-- Opening Marker --

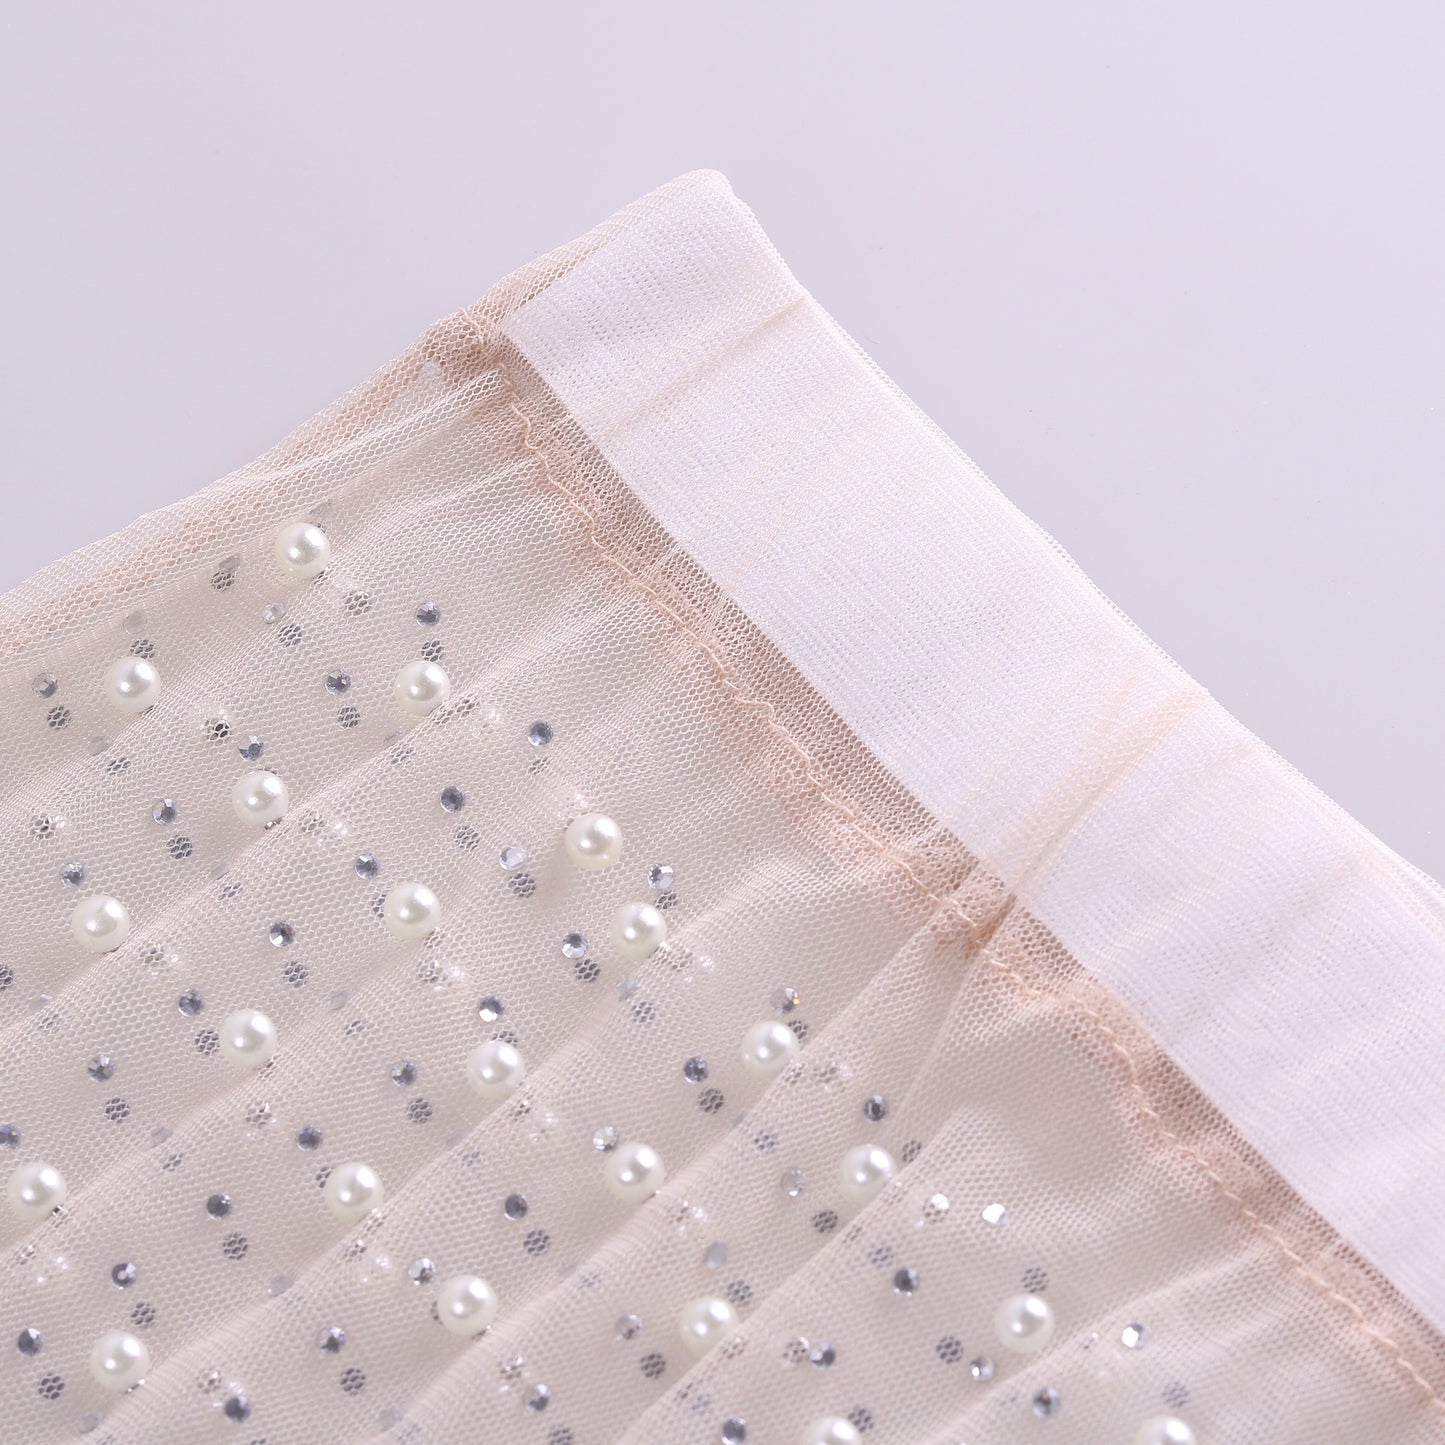 Mesh Diamond Beads Crop Top & Skirt Sets
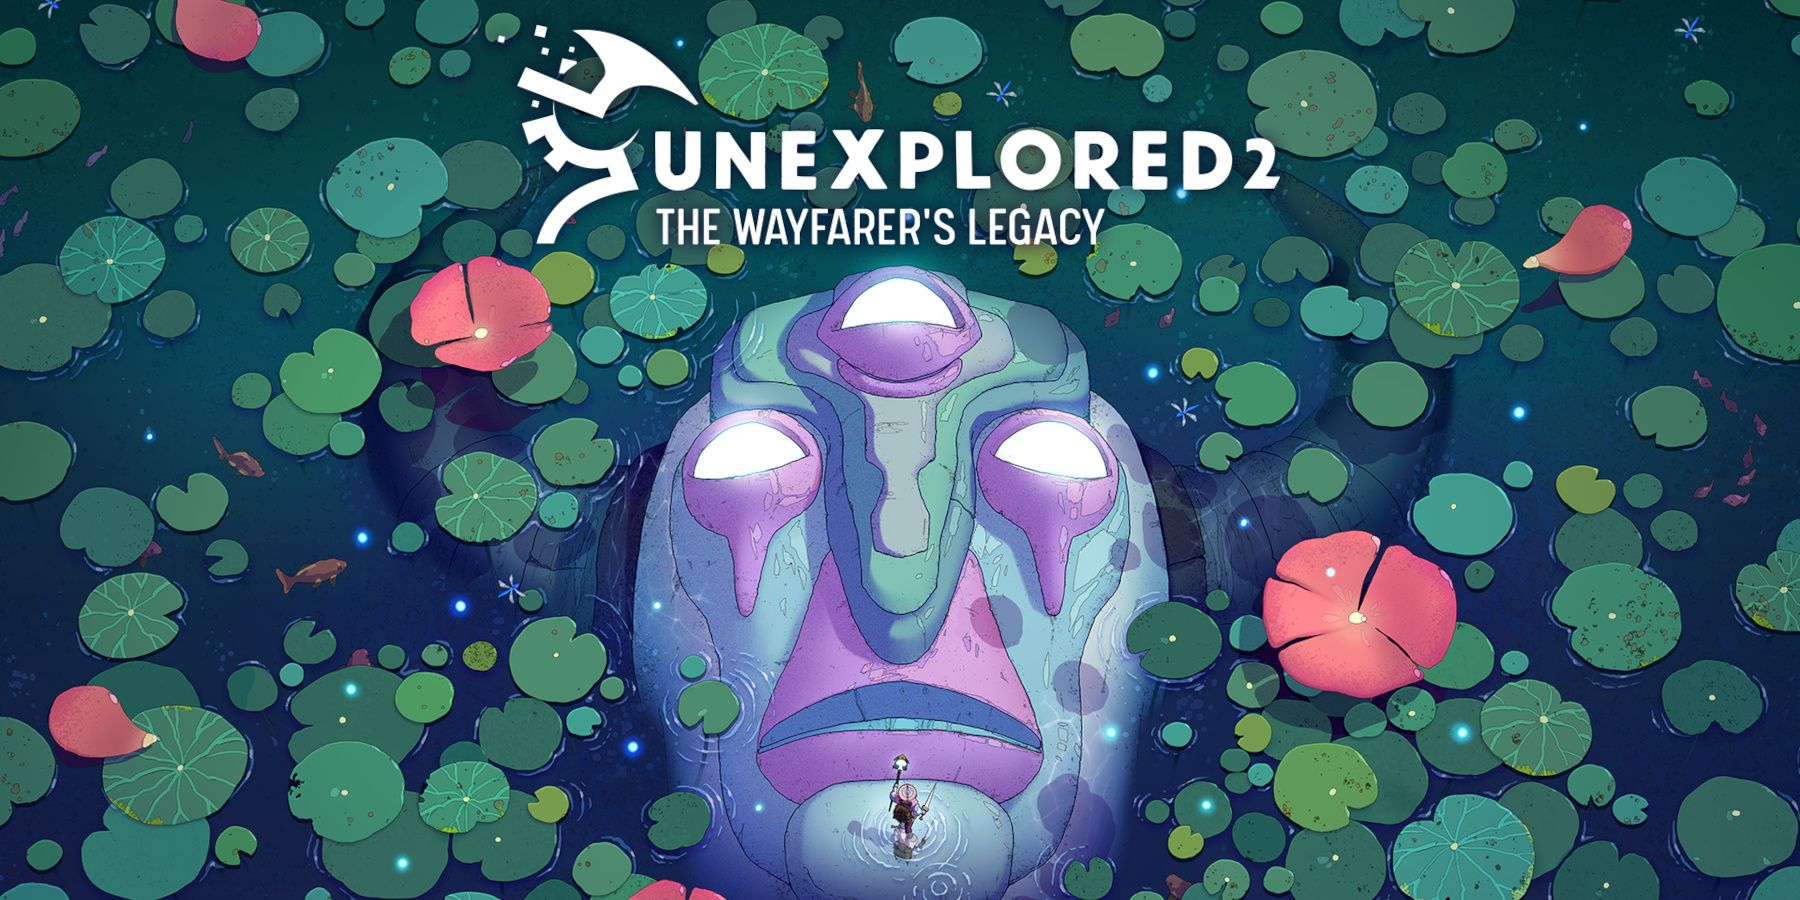 Unexplored 2: The Wayfarer's Legacy Review - Un viaje de juego de rol Roguelike
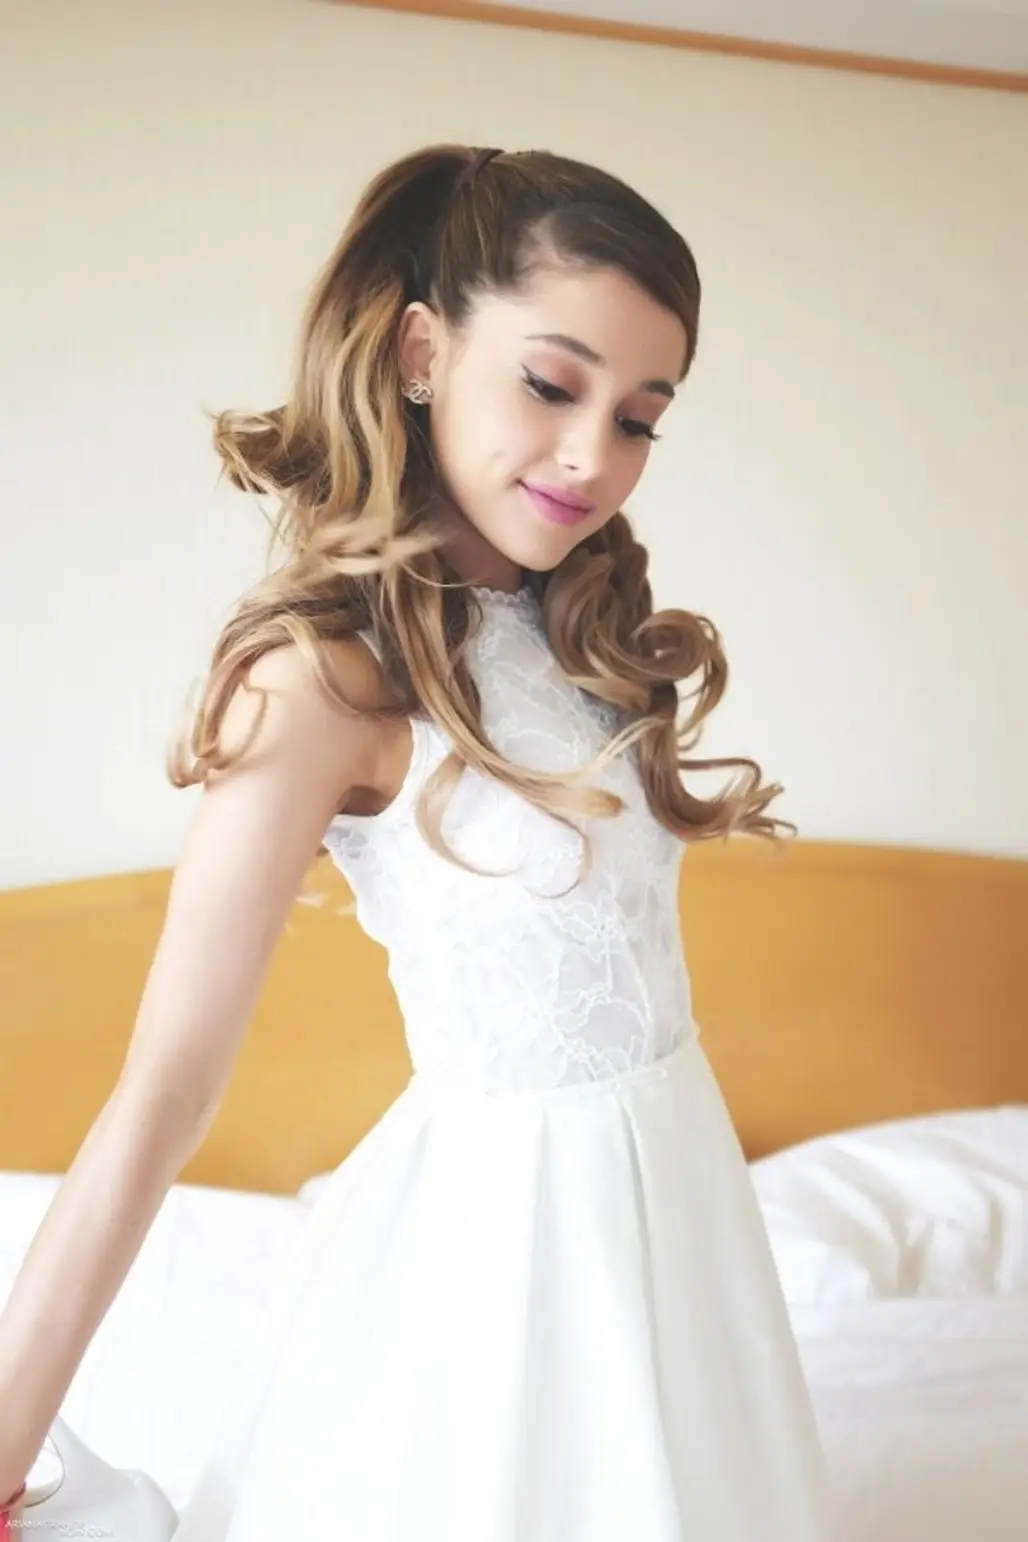 Ariana Grande - August 29, 2014

-- Closing Marker --

EXERCISE DETAILS:
All pictures should be dropped; the lines from the one containing "Unexplored 2: The" through the last line of the material are to be set down exactly.

TASK ANSWER:
 Unexplored 2: The Wayfarer's Legacy Review - Un viaje de juego de rol Roguelike
 Ariana Grande - August 29, 2014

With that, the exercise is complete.